Jayaprakash Gopinathan
Service Tax Applies to Consultants in Infrastructure Projects Despite Contractor Exemptions; Circulars 147 & 108 Clarify Scope Consultant, architectural, accounting, and similar services provided to infrastructure project service providers are subject to service tax, despite exemptions for main contractors. Exemptions apply to services directly classified under works contract services, as clarified by CBE&C circulars. However, other service providers to main contractors must pay service tax, creating cost inflation concerns for the industry. The debate continues over the scope of exemptions and the impact of circulars, such as circular no. 147 and circular no. 108, which have historically influenced tax interpretations and exemptions. Authorities are urged to ensure clarity and legal backing to avoid audit objections. (AI Summary)

G.Jayaprakash

Superintendent of Central Excise

 Abolish tax exemptions to small scale units, bemoans experts of the private sector. Without much noise, multi crore industrial projects get the same tax exemptions. It is the wisdom and authority of the state.  Exemption from Service Tax available to infrastructural service providers, i.e. services provided to in construction of roads, airports, railways, transport terminals, bridges, tunnels and dams is one such exemption extended by excluding the same form purview of work contract services in the definition itself. These infrastructure projects involve participation of different professionals and whether services provided by them are within the ambit of the above exemption was extensively debated by high end consultants. Revenue, vide circular no.   138/07/11-ST dated 6.5.2011 explained that service provided to the service providers of infrastructural projects are classifiable under the respective services and liable to service tax. Industry had protested to the inflation it creates to its cost when service tax paid by its service providers is passed on to them.

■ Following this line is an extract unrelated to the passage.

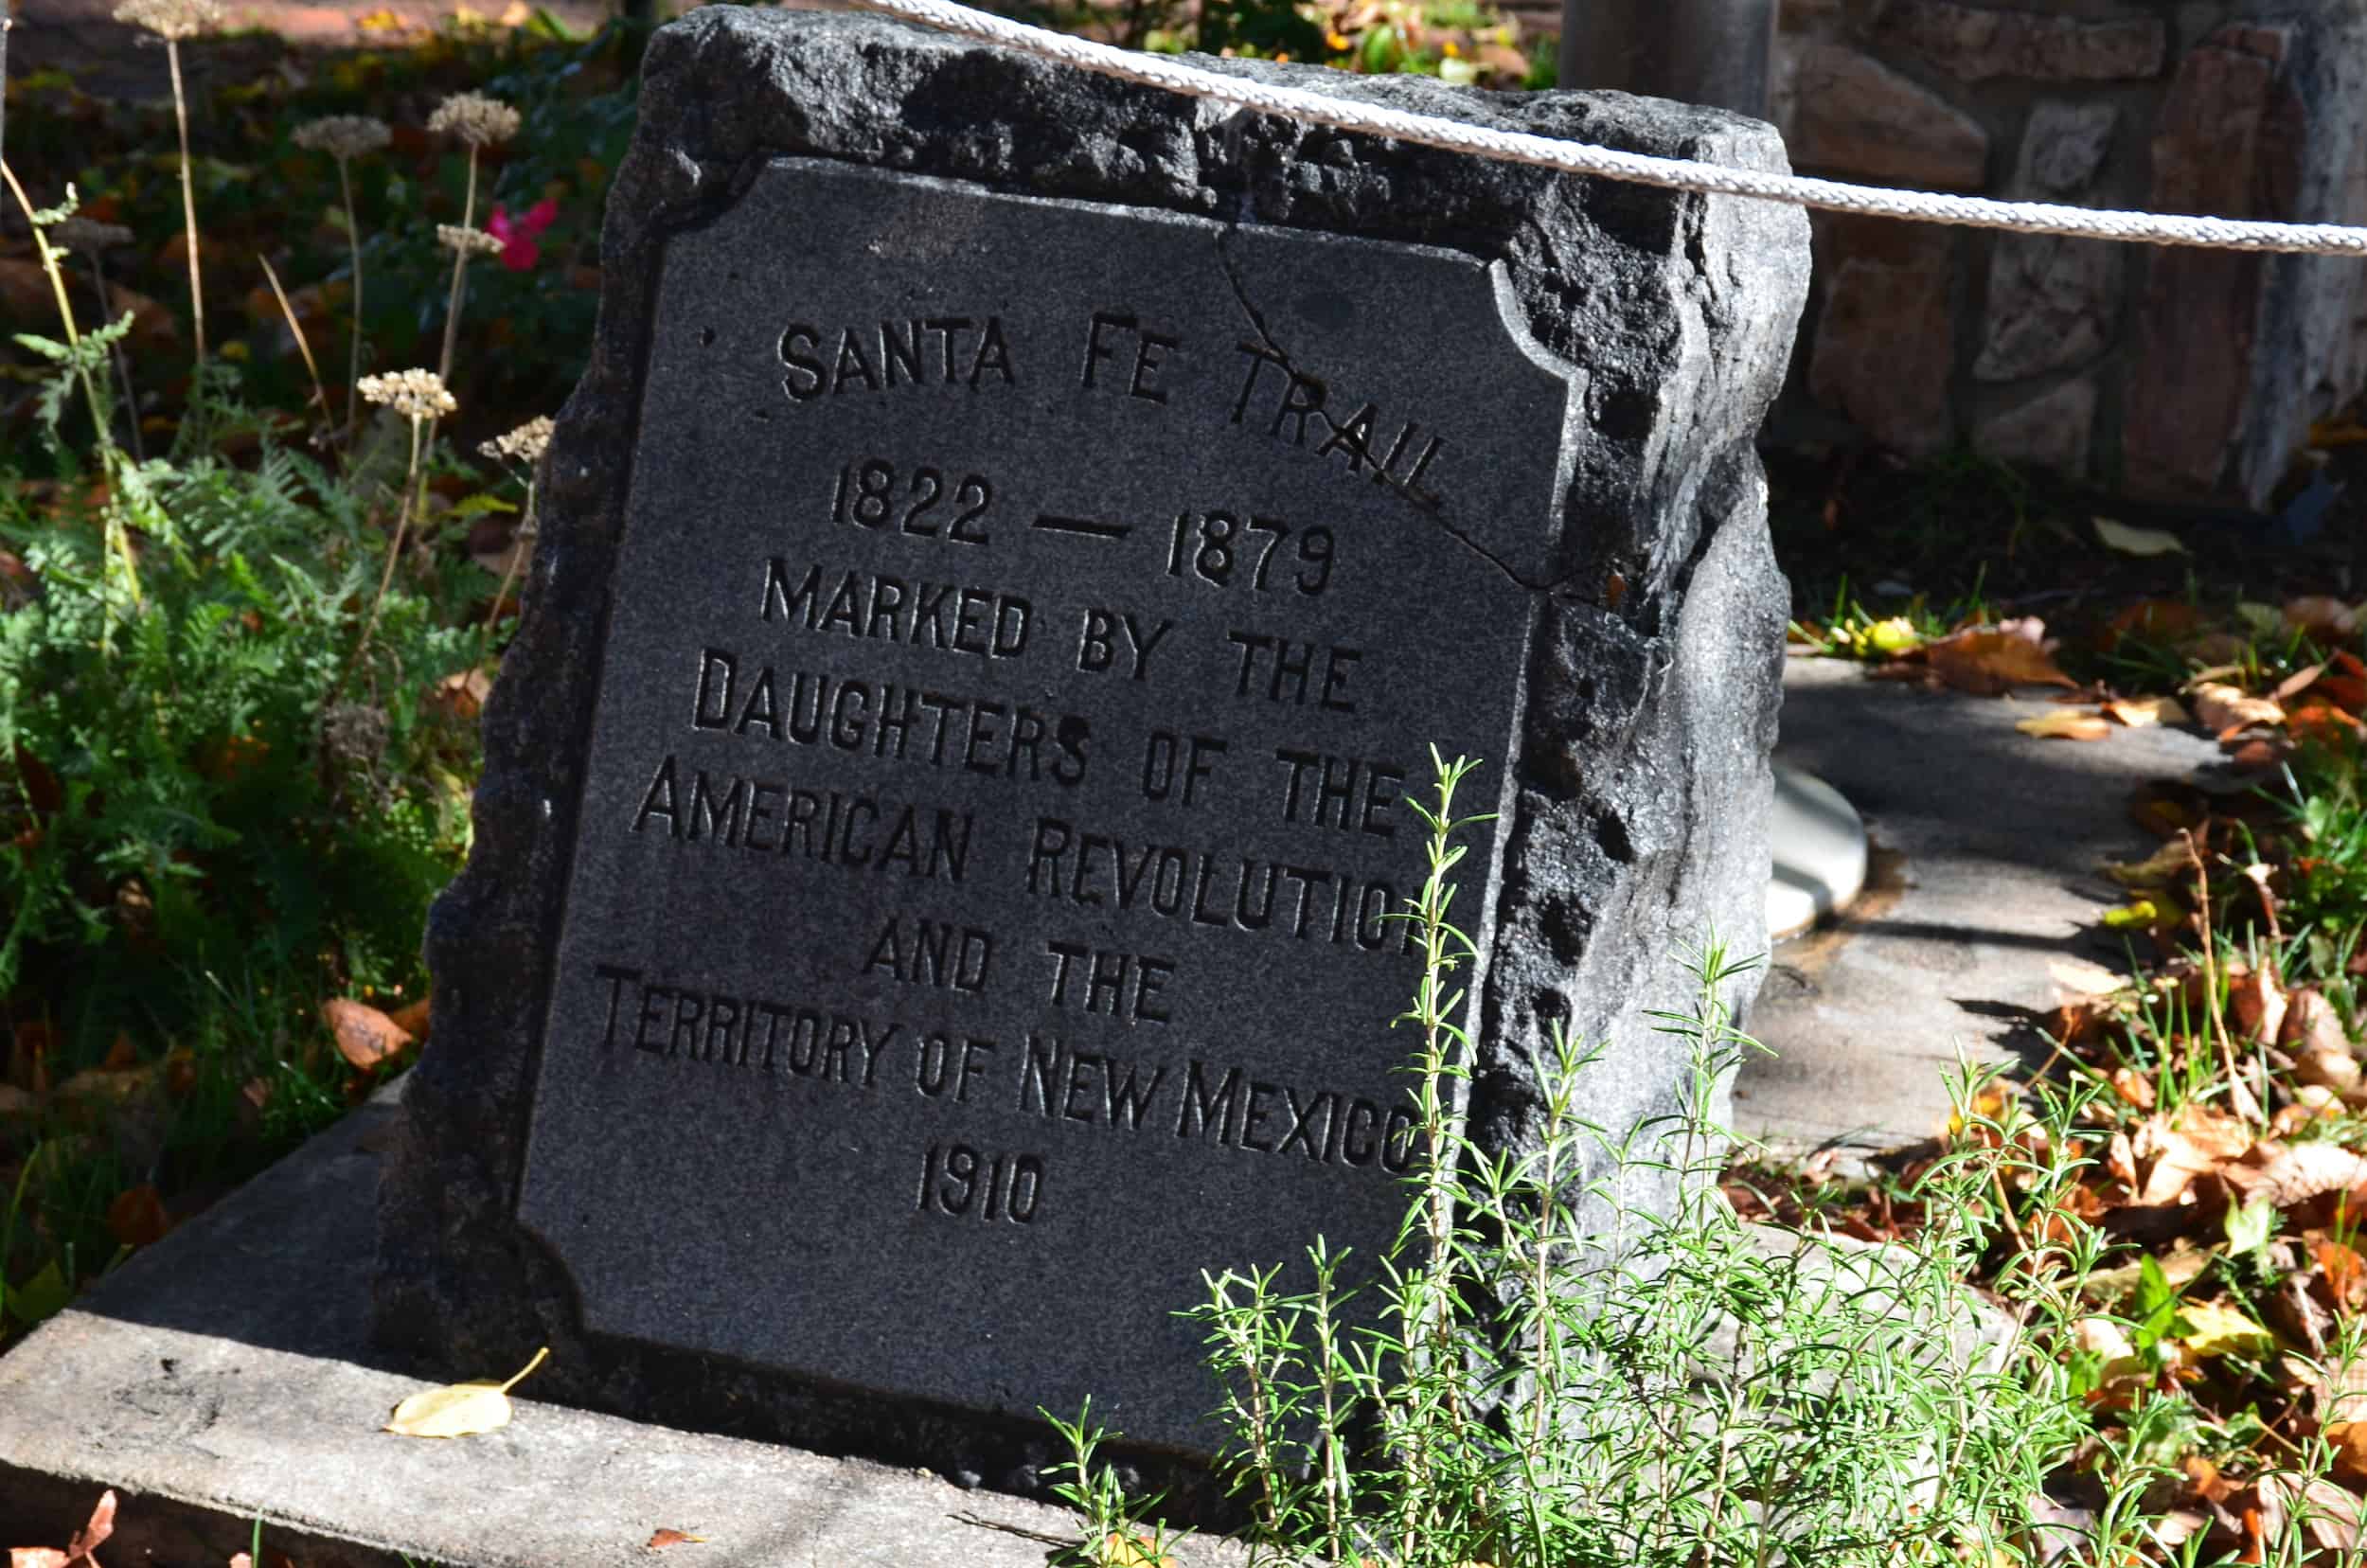 Santa Fe Trail plaque in Las Vegas, New Mexico

Tax journals published different opinions questioning the wisdom of not extending exemptions to services provided to the main contractor who is excluded from the ambit of work contract services.. A query received was whether the contractor of dry cleaning services to an infrastructure project office is exempted or not. In a bid to end such queries, CBE&C issued   circular no. 147.16/2011-St dated 21.10.2011 clarifying that if services provided by a sub- contractor are per se classifiable under works contract services, it would continue to enjoy the exemption, while services are provided to the main contractor.

From these circulars, it can be seen that only such activities carried out by sub contractors which merit classification as works contract services alone will come within the ambit of the circular.  All other providers of taxable services to the main contractor are liable to pay service tax, even though the recipient of such services is exempted from service tax.

Another aspect appears to be the role of the circular.  Is circular no.147 (supra) is enough to extend the benefit .The controversy over circular 108/2009-St dated 29.1.2009 is well known and issuance of notification 32/2010 conferring retrospective exemption is, well, history. Whether the two different terms used in the definition of works contract services, in relation to and in respect of will pave way for different interpretations.

  Competent authorities may act to avoid C&AG audit objections based on circulars conveying concessions without the backing of law enacted.